### Dataset extract
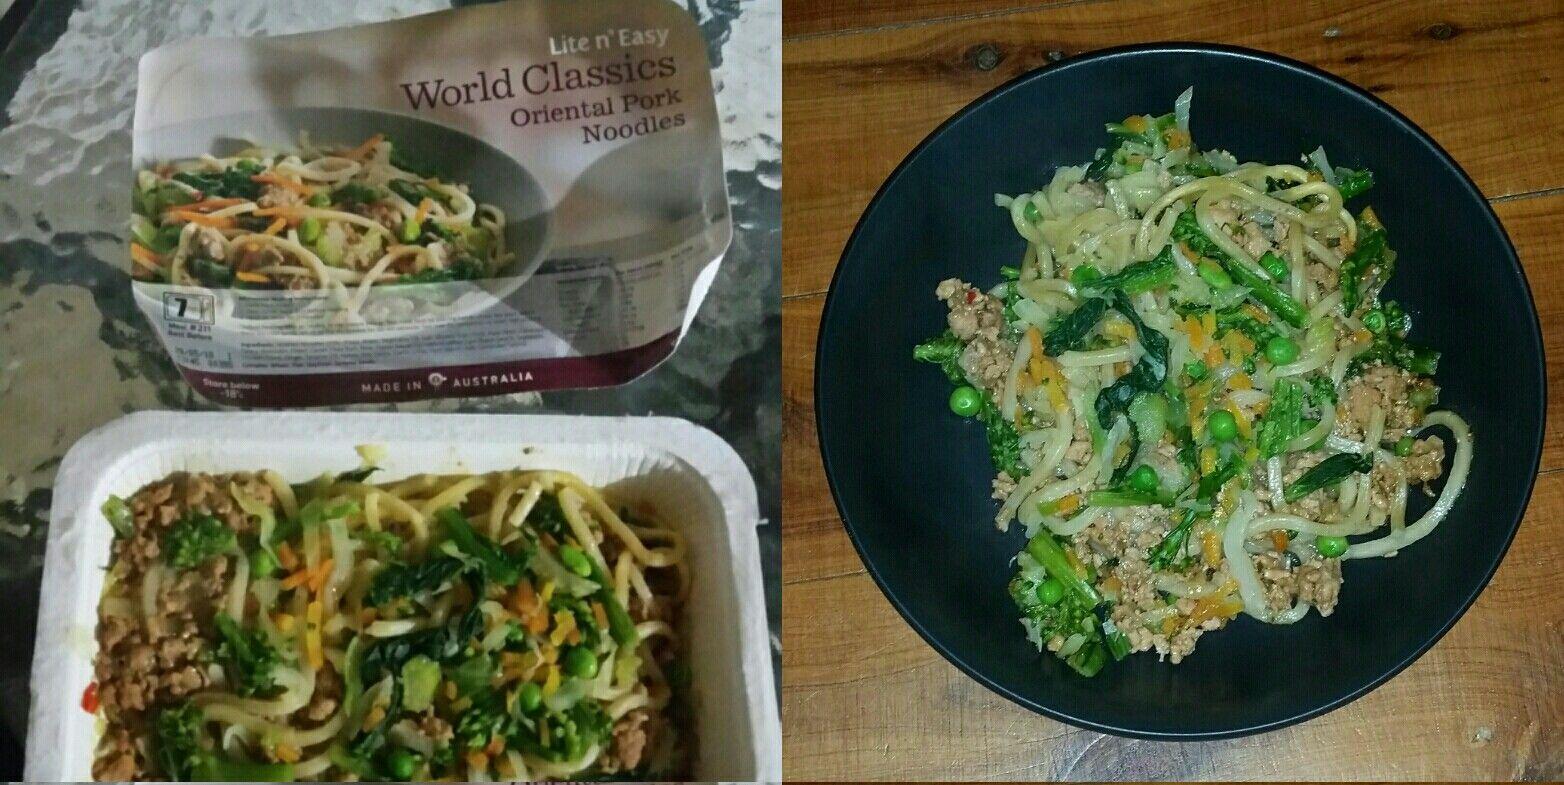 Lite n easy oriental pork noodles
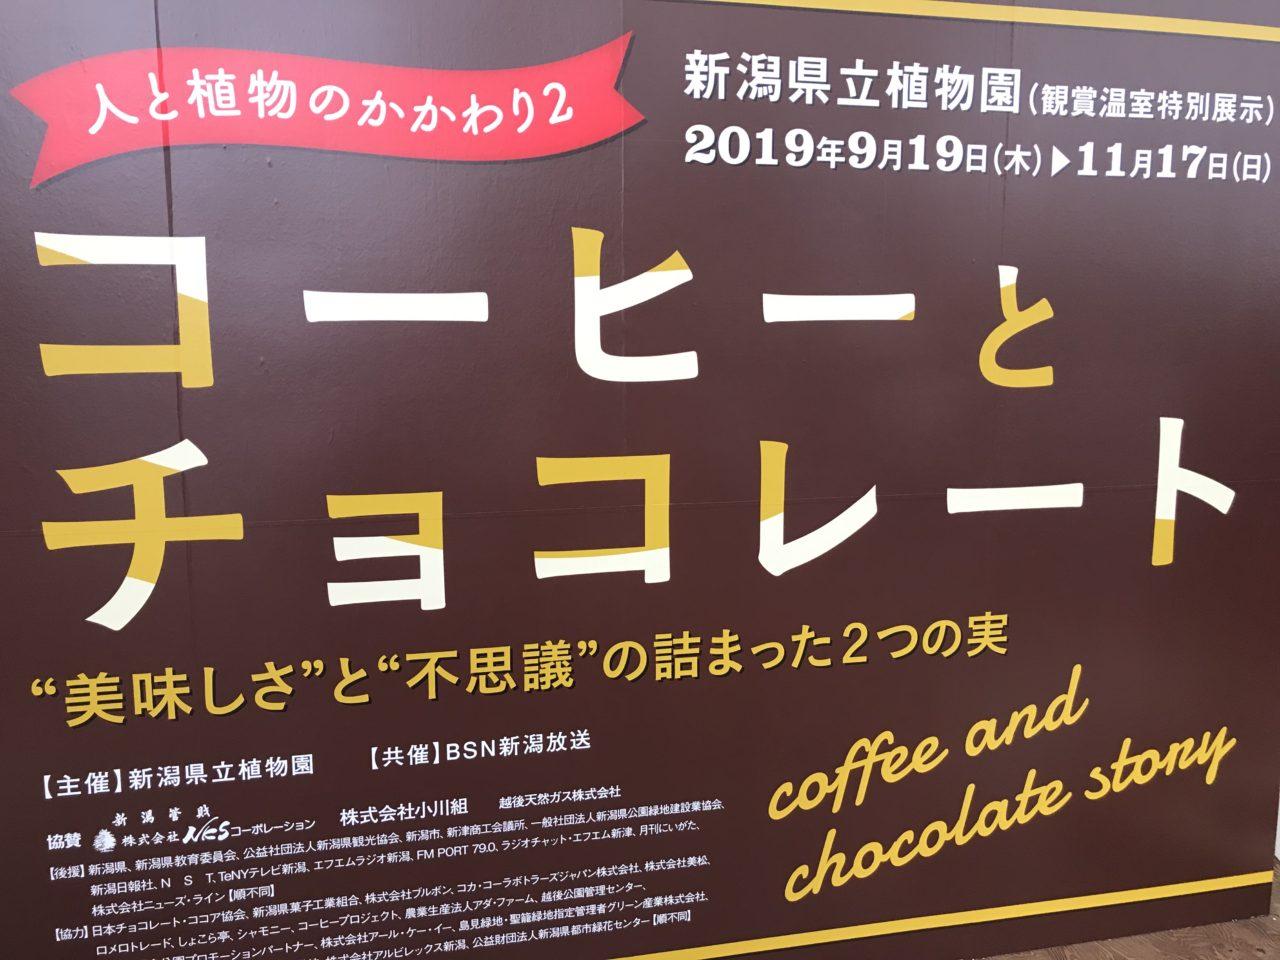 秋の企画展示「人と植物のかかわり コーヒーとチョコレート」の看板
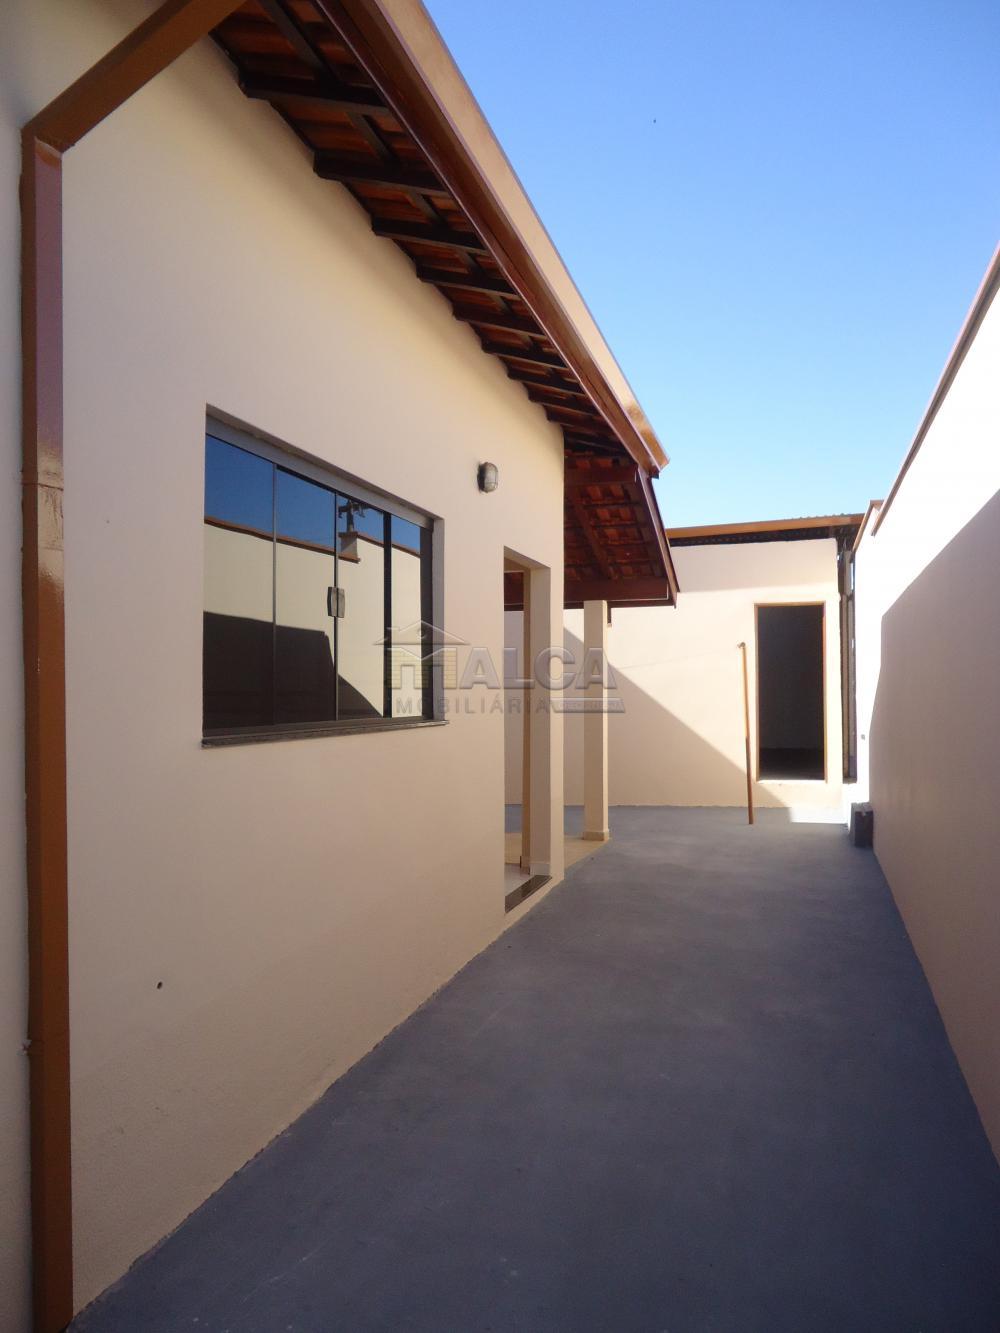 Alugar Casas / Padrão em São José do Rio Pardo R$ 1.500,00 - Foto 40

---

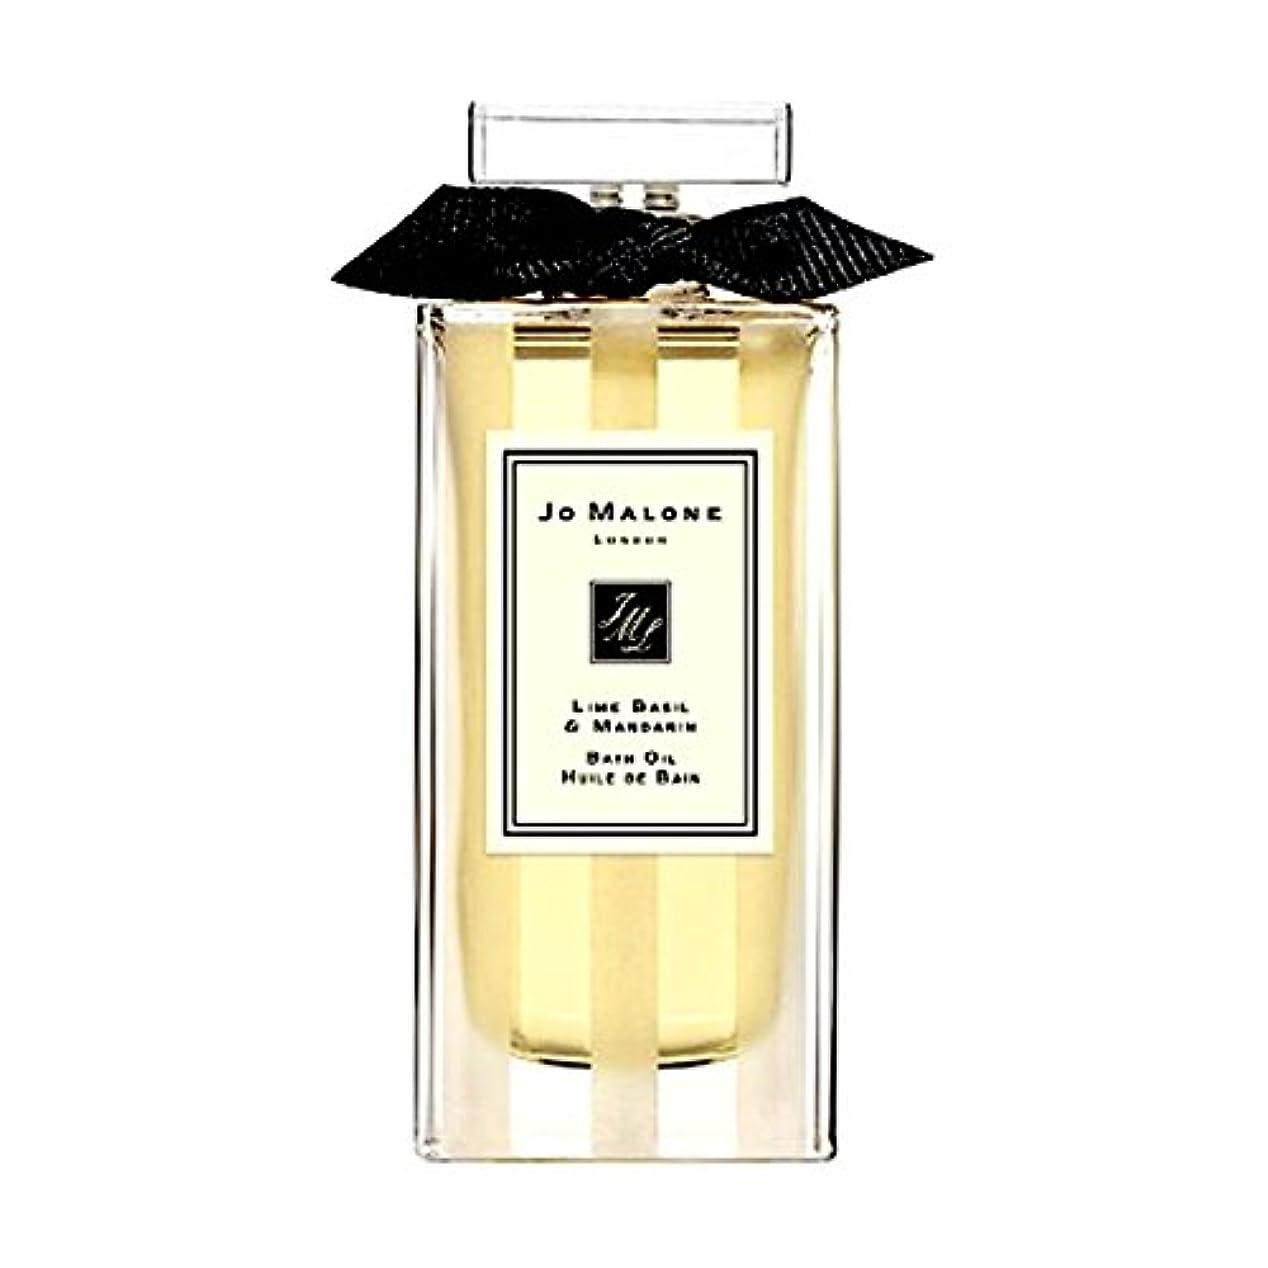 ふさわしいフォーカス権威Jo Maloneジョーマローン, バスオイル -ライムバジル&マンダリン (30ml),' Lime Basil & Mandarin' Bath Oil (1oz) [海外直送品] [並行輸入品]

### Instructions for the task
Look back at the data above, then output exactly the lines from the line holding "秋の企画展示「人と植物のかかわり コーヒーとチョコレート」の看板" up to and including the line holding "Alugar Casas /". Leave out the pictures.

### Your solution
 秋の企画展示「人と植物のかかわり コーヒーとチョコレート」の看板
 Alugar Casas / Padrão em São José do Rio Pardo R$ 1.500,00 - Foto 40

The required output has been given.